* [RECORDED DATA]:
═══

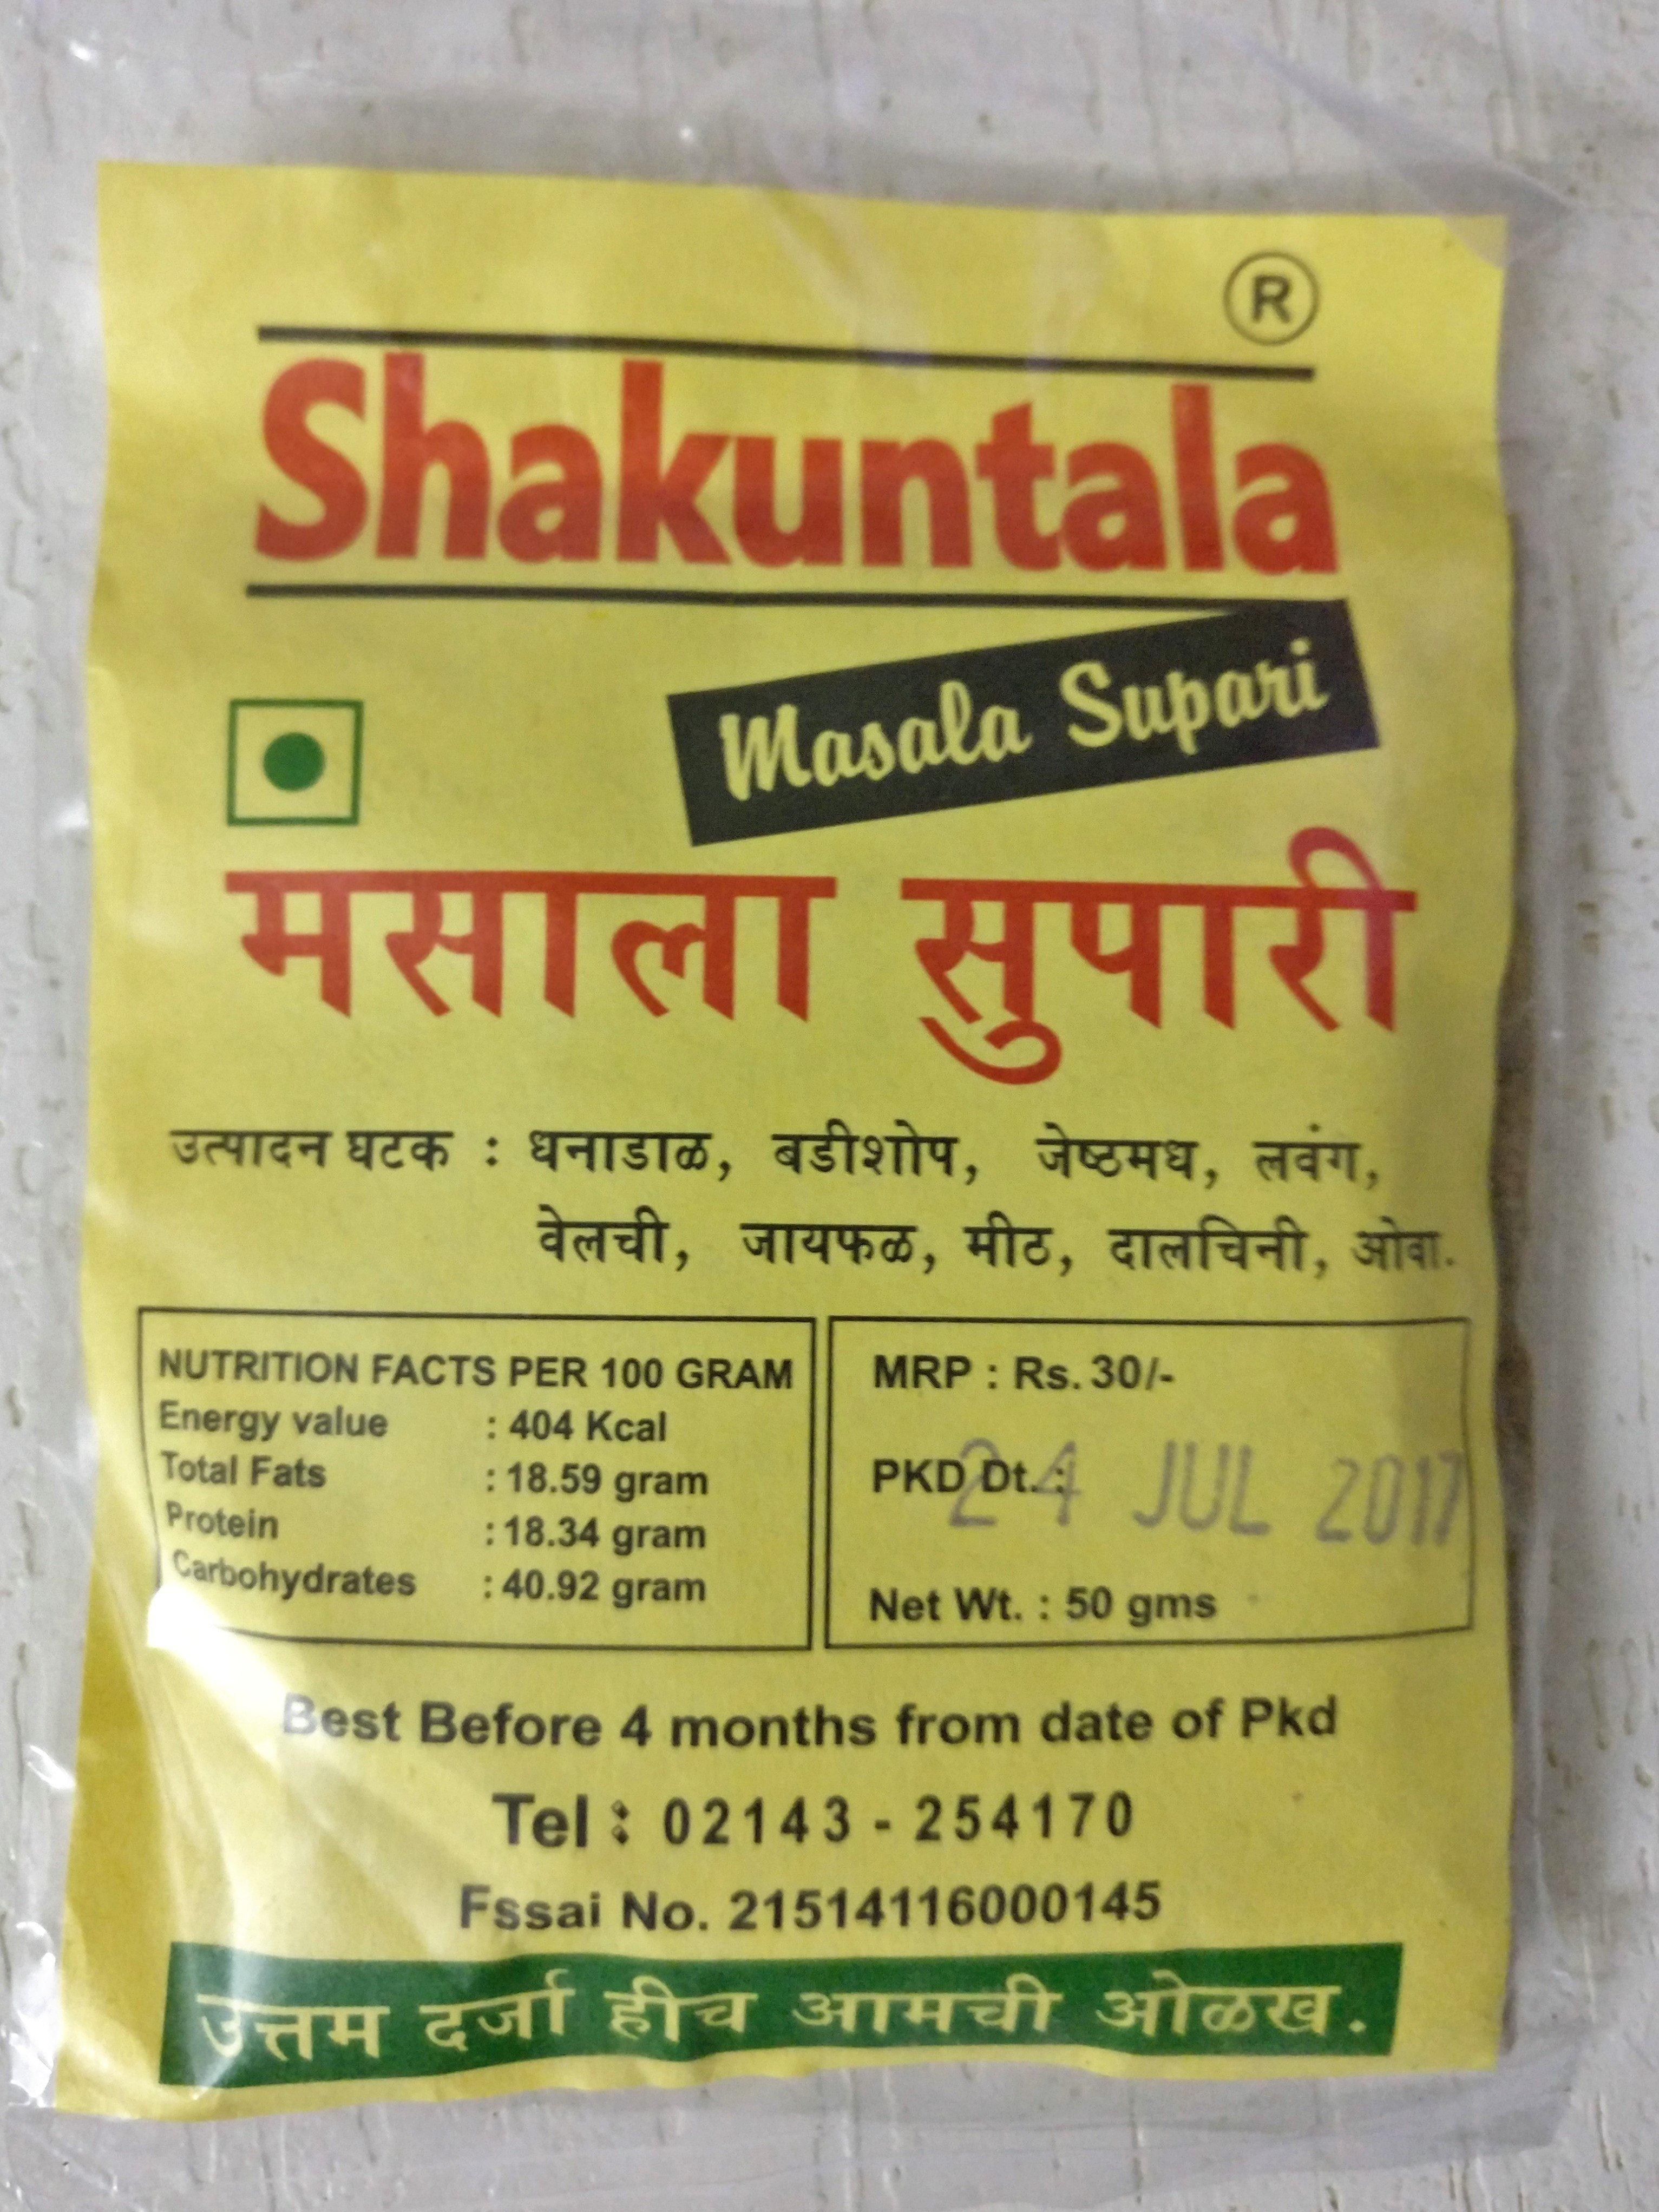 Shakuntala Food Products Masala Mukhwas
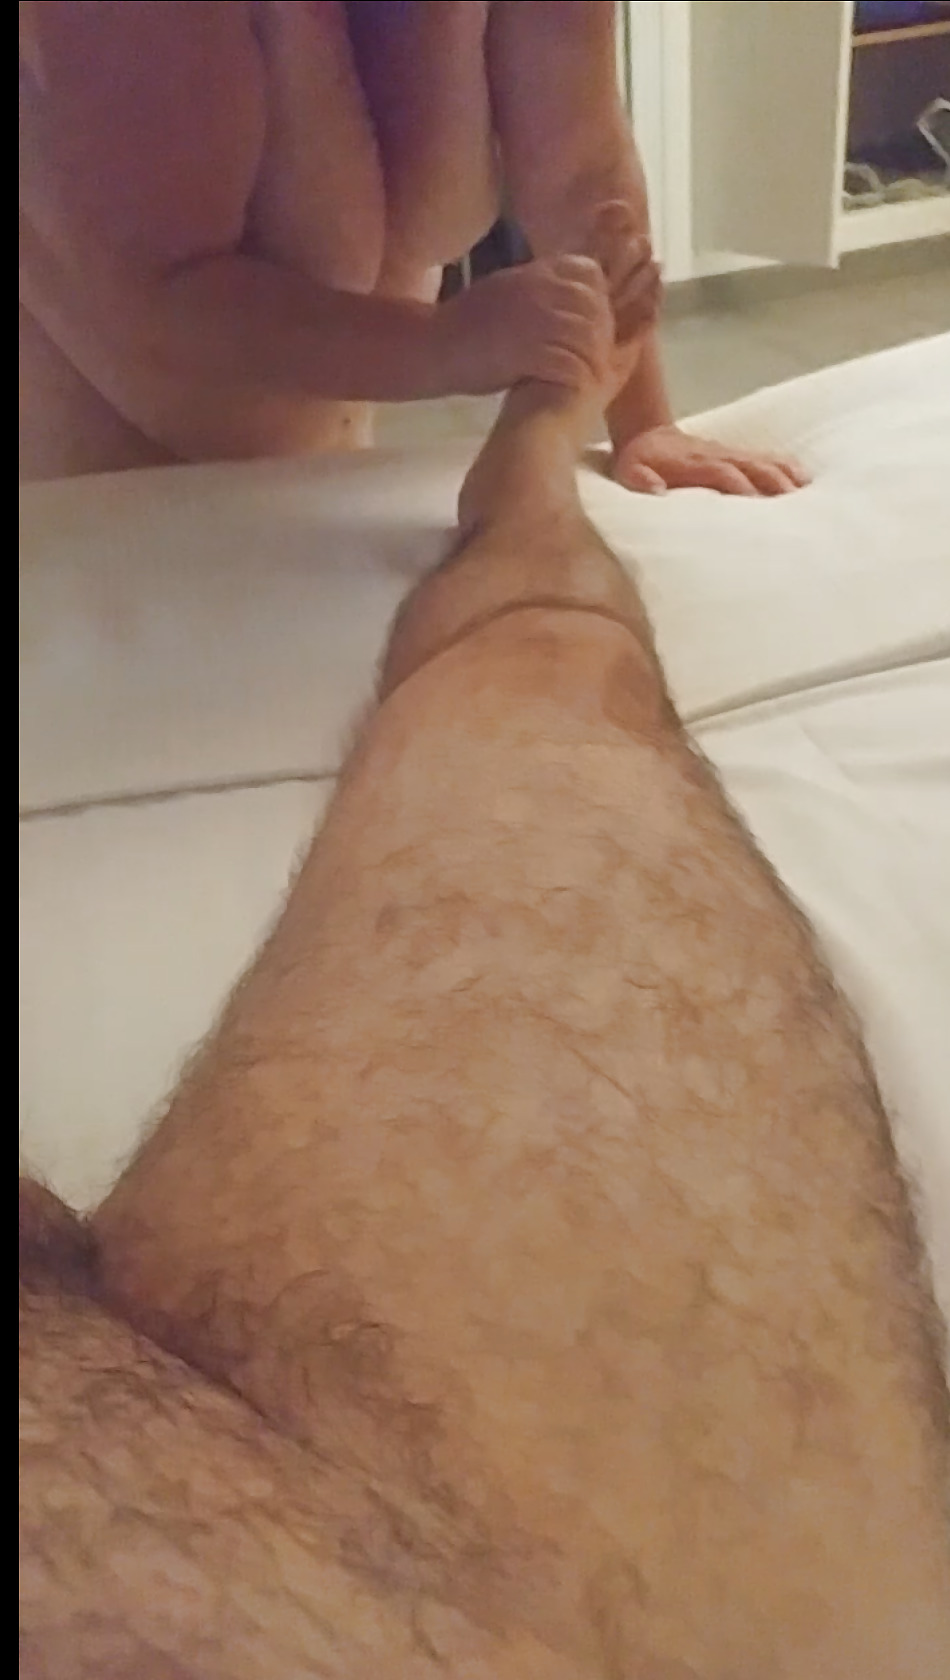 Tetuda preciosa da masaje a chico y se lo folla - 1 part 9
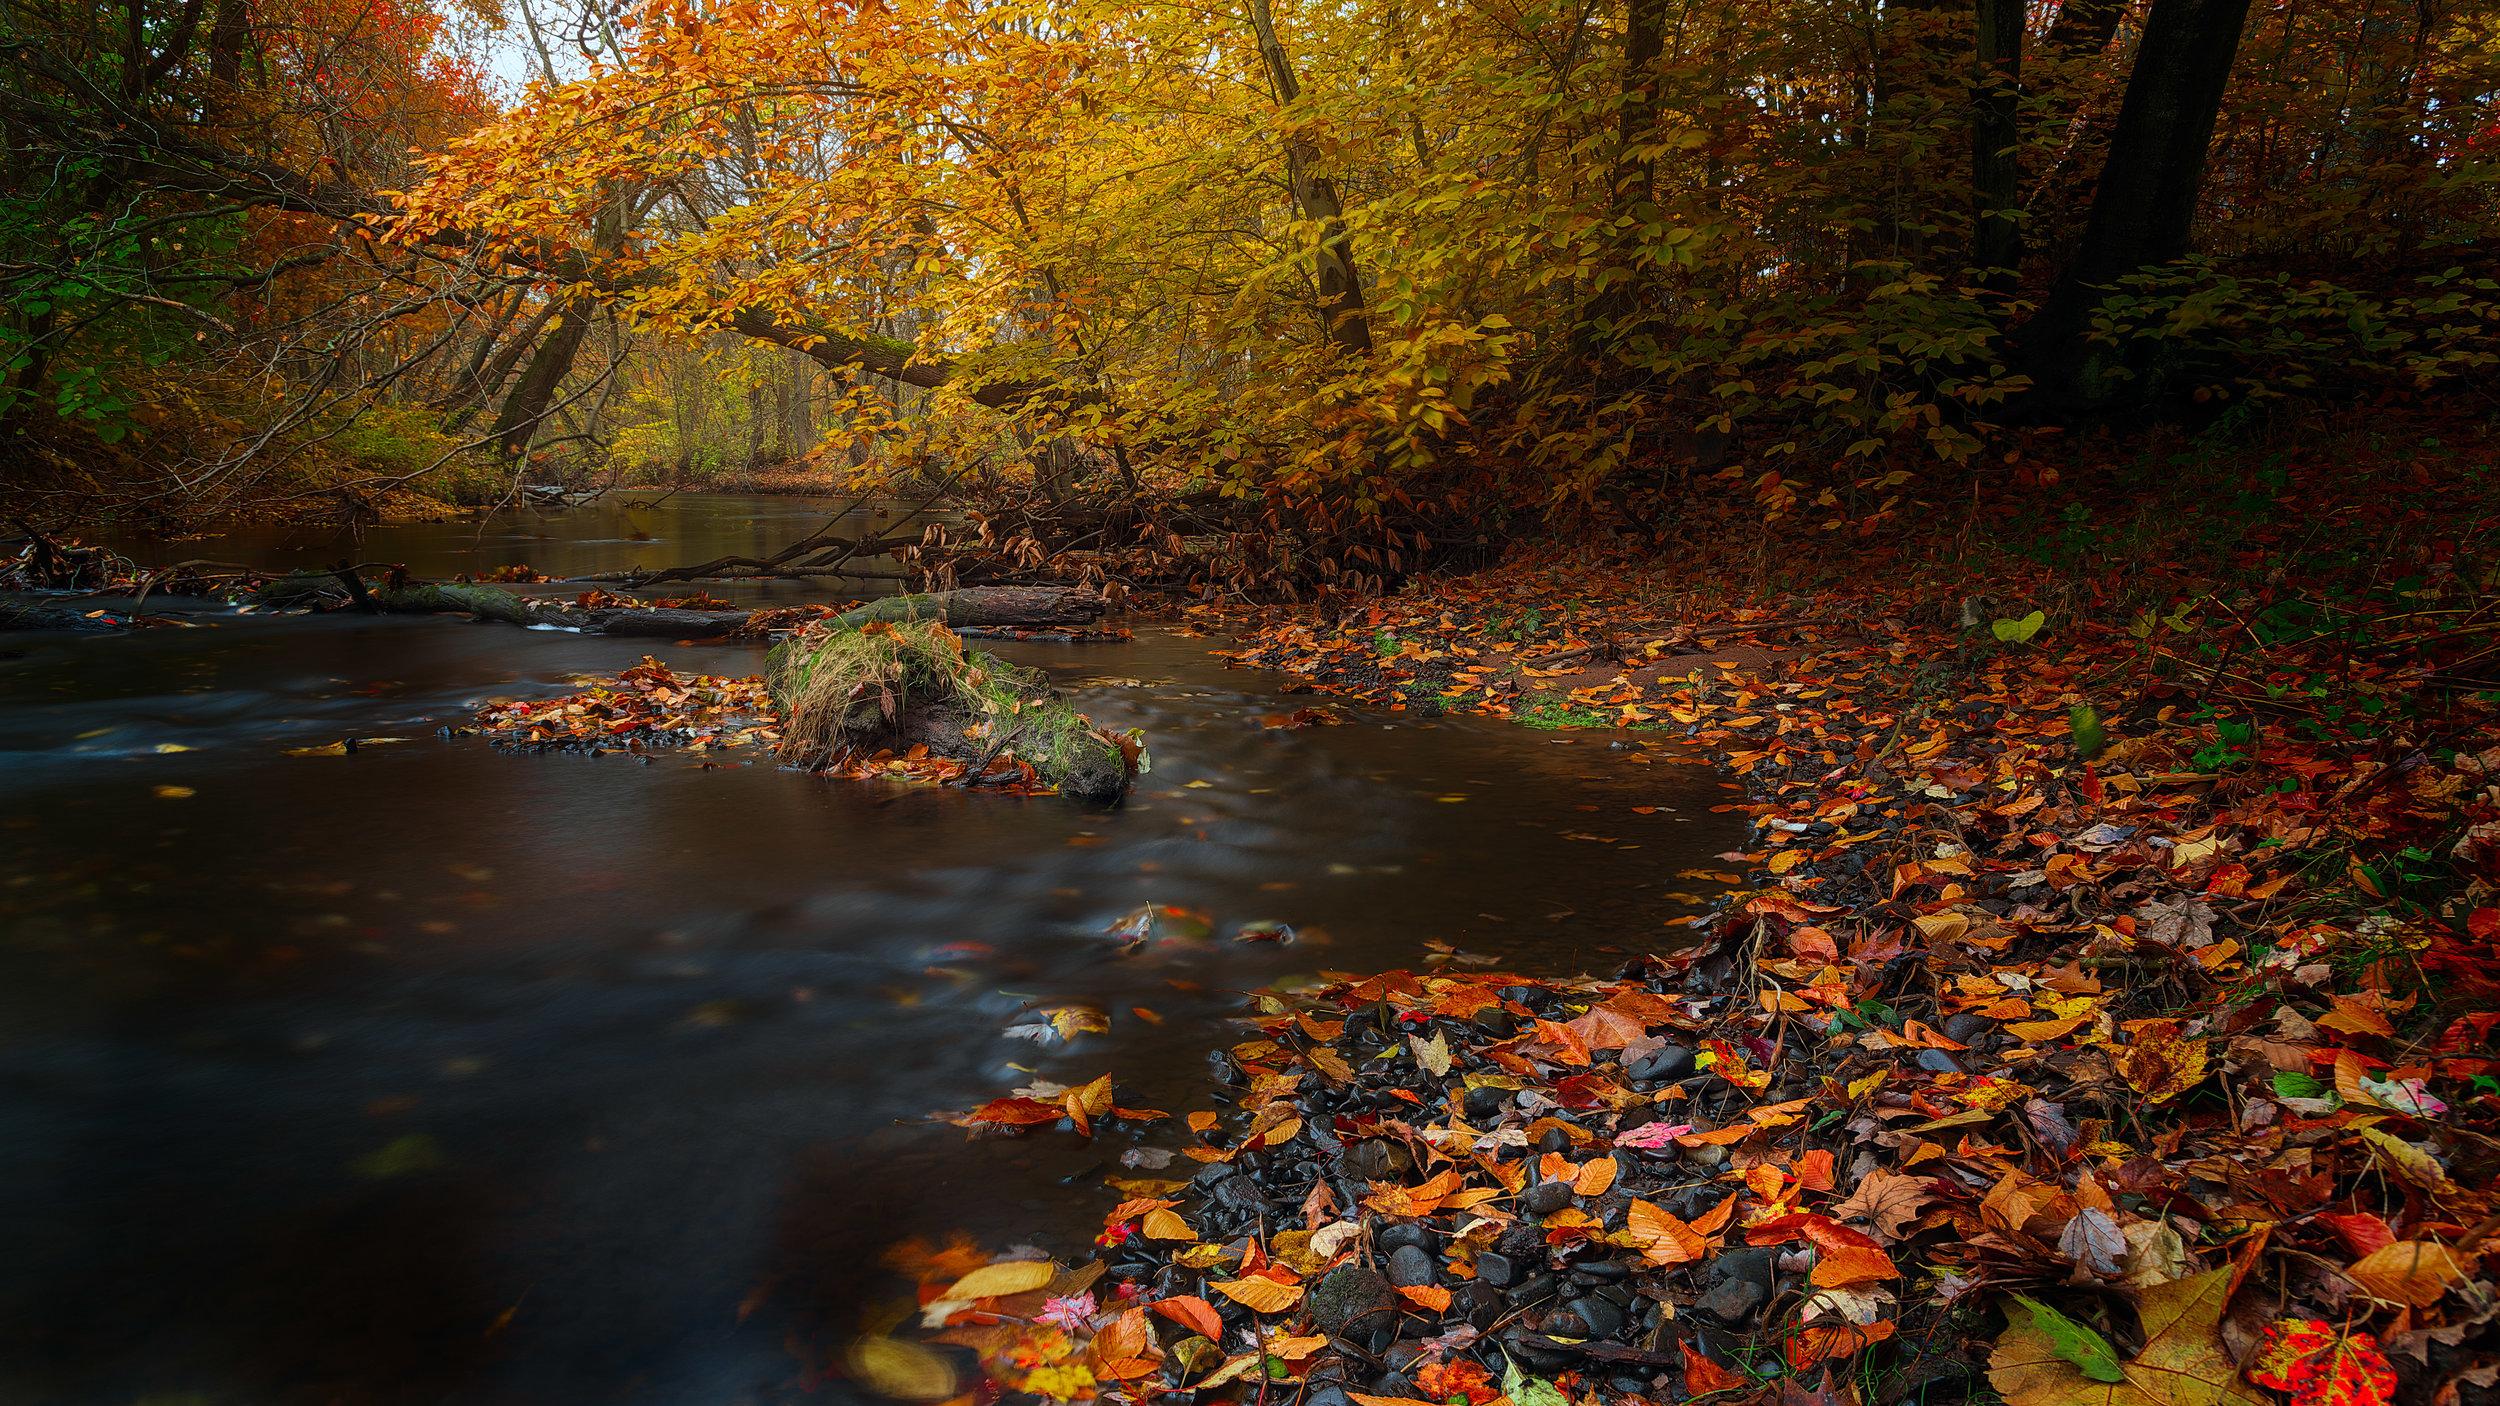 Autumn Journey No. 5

═══

* [EXERCISE GOAL]:
Each line above should be returned exactly as written, apart from any pictures.

* [RESULT BELOW]:
 Shakuntala Food Products Masala Mukhwas
 Tetuda preciosa da masaje a chico y se lo folla - 1 part 9
 Autumn Journey No. 5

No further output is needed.